Terms of Service

Please read these terms carefully before using our services

Last Updated: December 2024

Welcome to Chewhappy

These Terms of Service ("Terms") govern your use of Chewhappy's manufacturing services, website, and related services. By engaging with our services, you agree to be bound by these Terms. Chewhappy is a professional manufacturer of latex pet toys based in Shangyu, Shaoxing, Zhejiang Province, China.

1 Service Scope and Limitations

1.1 Manufacturing Services

Chewhappy provides OEM/ODM manufacturing services for latex pet toys, including but not limited to:

  • Custom product design and development
  • Mold creation and prototyping
  • Mass production of latex pet toys
  • Quality control and inspection services
  • Packaging and logistics coordination

1.2 Service Limitations

  • Services are limited to latex pet toy manufacturing and related activities
  • Minimum order quantities and lead times apply as specified in individual quotations
  • Custom designs require technical feasibility assessment
  • Sampling timeline: 7-10 days; Production lead time: approximately 45 days after sample approval

2 User Conduct Guidelines

2.1 Acceptable Use

Users agree to:

  • Provide accurate and complete information in all communications
  • Respect intellectual property rights of all parties
  • Comply with all applicable laws and regulations
  • Maintain confidentiality of proprietary information
  • Use our services solely for legitimate business purposes

2.2 Prohibited Activities

  • Requesting products that violate safety standards or regulations
  • Attempting to reverse-engineer proprietary processes
  • Engaging in fraudulent or deceptive practices
  • Interfering with our operations or systems
  • Using our services for illegal purposes

3 Intellectual Property Rights

3.1 Client IP Rights

Clients retain ownership of their original designs, trademarks, and proprietary specifications provided to Chewhappy. We respect and protect client intellectual property throughout the manufacturing process.

3.2 Chewhappy IP Rights

Chewhappy retains ownership of our manufacturing processes, techniques, and any improvements or modifications developed during production. Our brand name, logo, and proprietary methods remain our exclusive property.

3.3 Collaborative Developments

Any joint developments or modifications created through collaboration will be governed by separate written agreements specifying ownership and usage rights.

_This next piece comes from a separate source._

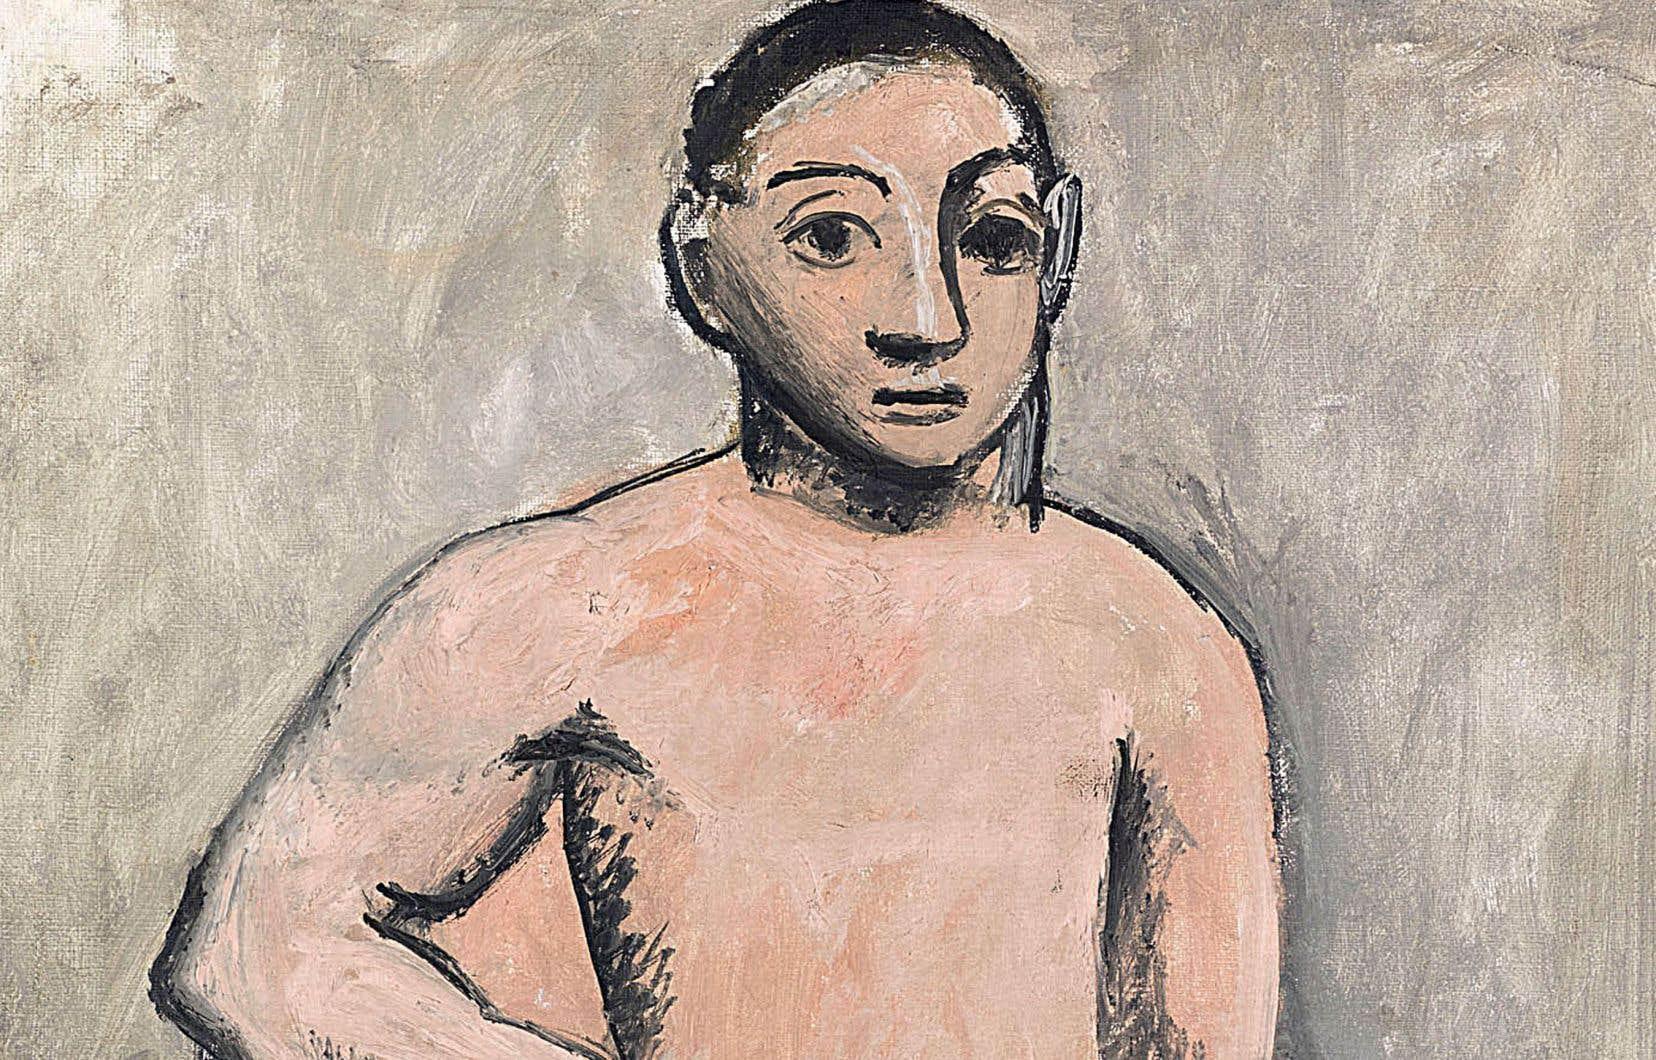 Pablo Picasso, détail de «Jeune garçon nu», automne 1906

4 Disclaimer of Warranties

4.1 Quality Assurance

While Chewhappy maintains rigorous quality control standards and BSCI certification, we provide our services "as is" without warranties beyond those explicitly stated in individual contracts.

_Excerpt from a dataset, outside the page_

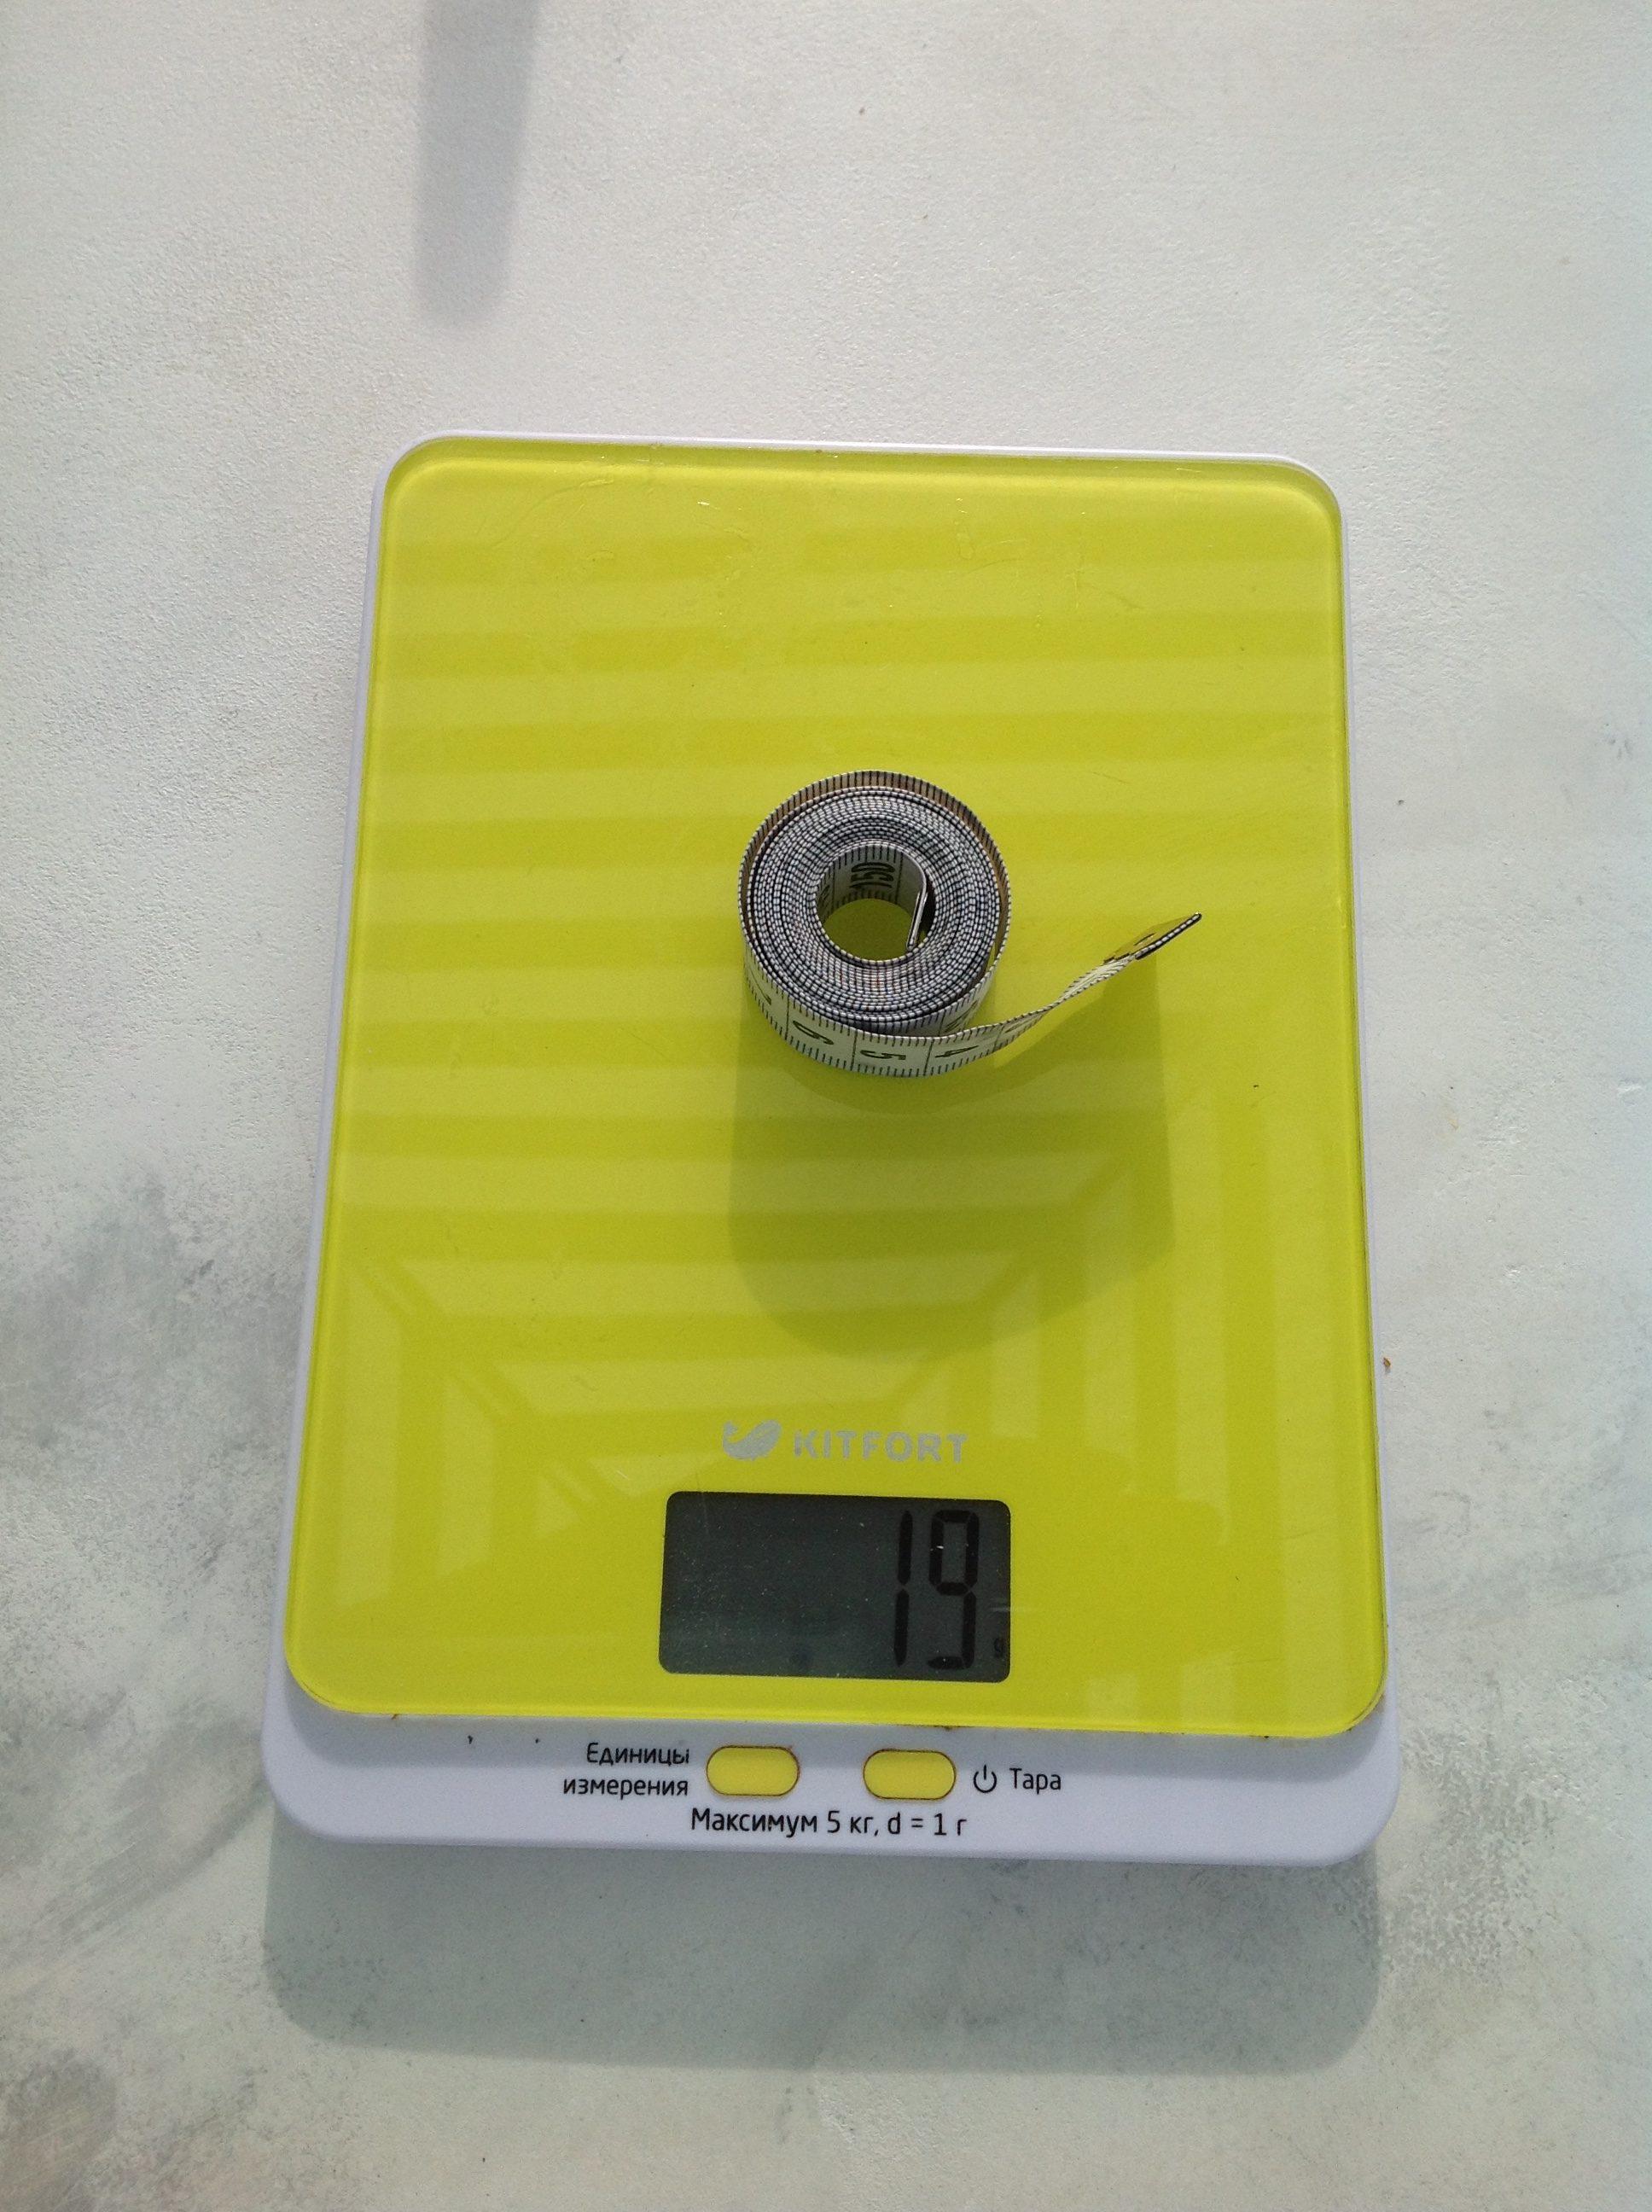 вес сантиметровой ленты

4.2 Limitation of Liability

Chewhappy's liability is limited to the value of the specific order in question. We are not liable for indirect, consequential, or punitive damages, including but not limited to lost profits or business interruption.

4.3 Force Majeure

We are not liable for delays or failures in performance due to circumstances beyond our reasonable control, including natural disasters, government actions, or supply chain disruptions.

5 Service Modification Terms

5.1 Terms Updates

Chewhappy reserves the right to modify these Terms at any time. Material changes will be communicated to active clients with 30 days' notice. Continued use of our services constitutes acceptance of updated Terms.

5.2 Service Changes

We may modify, suspend, or discontinue services with reasonable notice. Existing orders will be fulfilled according to their original terms unless mutually agreed otherwise.

6 Account Management Regulations

6.1 Account Information

Clients are responsible for maintaining accurate account information and promptly updating any changes in contact details, business registration, or authorized representatives.

6.2 Confidentiality

Both parties agree to maintain strict confidentiality regarding business information, designs, pricing, and other proprietary data shared during the business relationship.

6.3 Account Termination

Either party may terminate the business relationship with 30 days' written notice. Outstanding orders and obligations will be completed according to existing agreements.

7 Dispute Resolution Mechanism

7.1 Negotiation

All disputes should first be addressed through good faith negotiations between authorized representatives of both parties within 30 days of the dispute arising.

7.2 Mediation

If negotiation fails, disputes will be submitted to mediation through a mutually agreed mediator or mediation service before pursuing formal legal action.

7.3 Arbitration

Unresolved disputes may be submitted to binding arbitration under the rules of the China International Economic and Trade Arbitration Commission (CIETAC) or another mutually agreed arbitration body.

8 Governing Law and Jurisdiction

8.1 Applicable Law

These Terms are governed by the laws of the People's Republic of China, without regard to conflict of law principles. International trade aspects will be governed by applicable international conventions.

8.2 Jurisdiction

The courts of Shaoxing City, Zhejiang Province, China, shall have exclusive jurisdiction over any legal proceedings, unless otherwise agreed in writing or submitted to arbitration.

8.3 International Compliance

Both parties agree to comply with all applicable international trade laws, export/import regulations, and safety standards relevant to their respective jurisdictions.

Contact Information

Legal Inquiries

[email protected]

+86 150 8852 4896

Business Address

Shangyu, Shaoxing, Zhejiang Province, China

Effective Date: These Terms of Service are effective as of December 2024 and supersede all previous versions.